Friday, April 13, 2012

Appreciation.... or lack of

     Kids these days..... what happened to them.  I know I was probably no angel as a child.... in fact I know wasn't.  It seems like most kids around here live up to the name "army brat"  This INCLUDES my kids.  They are polite, kind and well mannered when they want to be.  But, there are many times that I am shocked at some of the things that come out of their mouths.  Sometimes I wonder if they appreciate anything that they are given.
     This is something that I should be teaching them.  Where did I go wrong? Maybe to them they don't see me earning anything because I don't work other than at home.  I assume they dont think they are a job in itself.  Maybe it's because when the guys are gone it's so easy to give into your kids so that they will just be quiet and listen from time to time.  Maybe it's because I try to compensate for their dad being gone and not having family here with them, that I feel bad.

     I am in no way saying that my kids are bad kids.  They just don't understand that concept of enjoying what is around you.  I like to think this is a product of their culture and the way the world is today.  People always want want want, and when they get what they want, they want more or better.  Everything is like a worldwide competition.  We complain about money, cars, jobs, people...... can you really complain if you do the same things? I am not pointing fingers, I do this too.

   This is not how I want my life to be lived, or something that I want my kids to continue.  So there is only one solution..... From now on this family is going to start appreciating and respecting what it has.  The things in our homes, the people in our lives, the weather, and anything else.  My kids are great with their manners so thats a good starting point.  From today on, things in this house will be earned.

  I have decided to get them each a piggy bank and when they do things they are asked to do to help out they can earn change that way.  They can buy their own toys and learn the value of money that way.  My kids may not know it, but the things that we have took us a long time to get, and I sometimes think that they need a better understanding of how the world really is.

   I know that I also complain a lot about people and things... money, and my health.... But I am going to try and not do that anymore.  We don't have to be the "army family" that people have labeled that life style to be with the :army Brats" in fact we are not going to be.

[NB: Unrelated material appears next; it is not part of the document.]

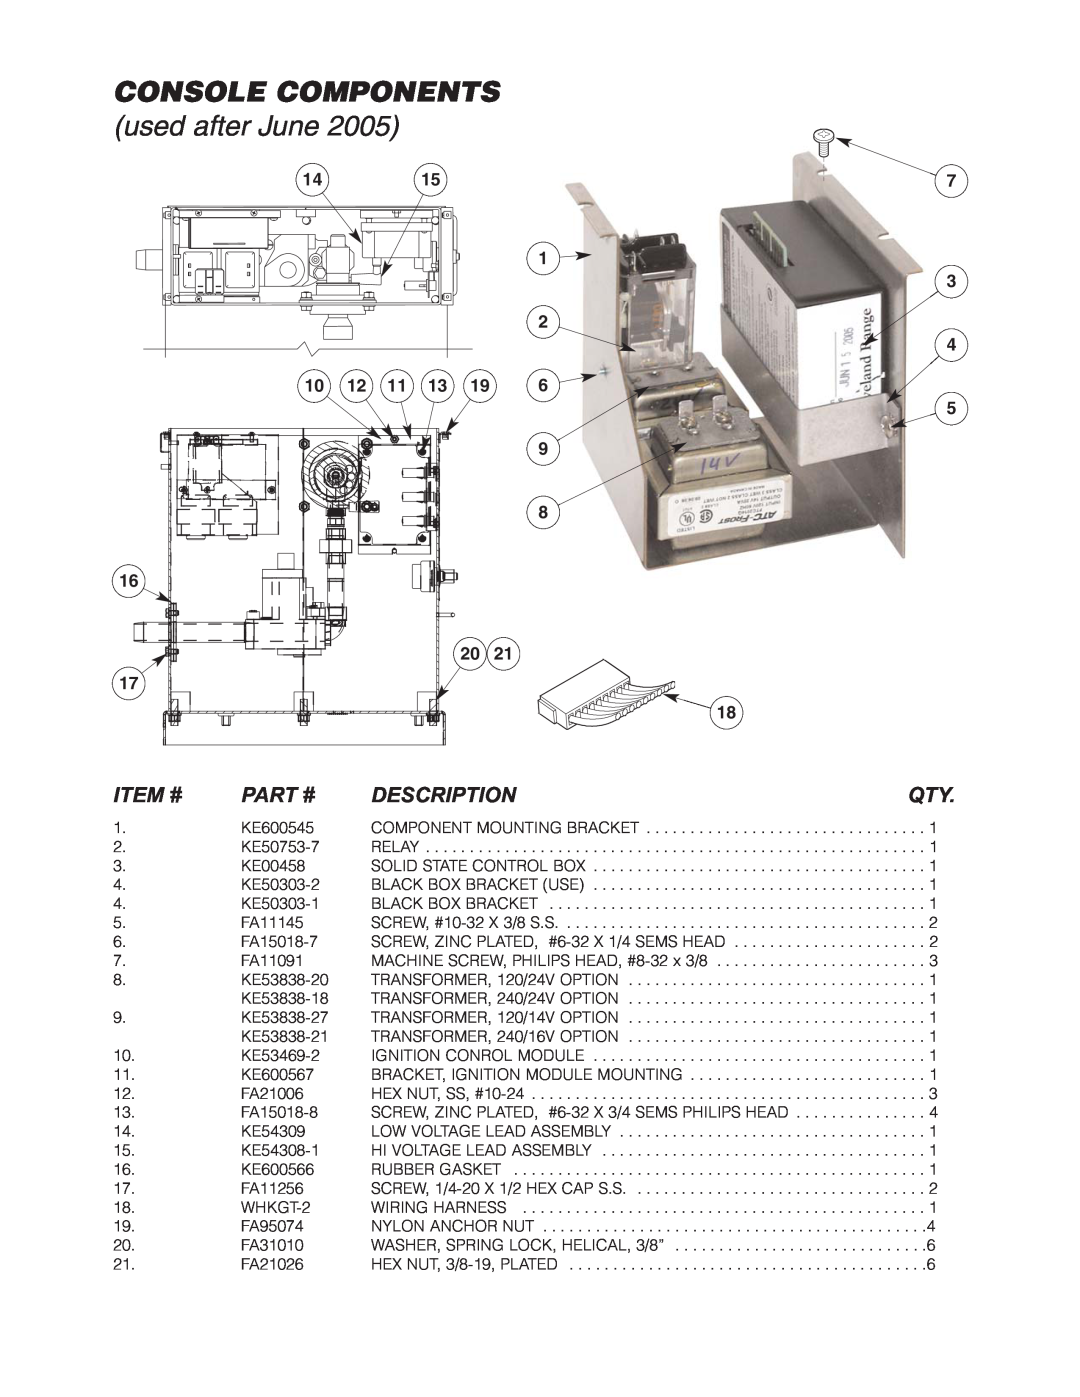 Cleveland Range KGT-12-T, KGT-6-T manual Console Components, used after June, Item #, Part #, Description

  I will start to find the beauty in things rather than the ugly things.  Appreciating people that appreciate me in return, taking advantage of the nice weather....

    It's easy to complain when you are a military family.  Complain about the clinics, the drs, the staff at places, the lack of things, the time it takes to get anything done, the deployments, the fact that you are alone to live life for a year, the way the army takes the people you got close to and moves them across the U.S, the commissary on payday, the distance between you and your family, the long hours your spouse works, blah blah blah.

  There are great things that you get to experience in this life and we are going to get to those things from now on.  I get to have my kids with me all the time, and watch them grow and learn and turn into little independent people.  I have the chance to go to school and learn and grow myself.  Nothing is greater than that really.  That is true beauty.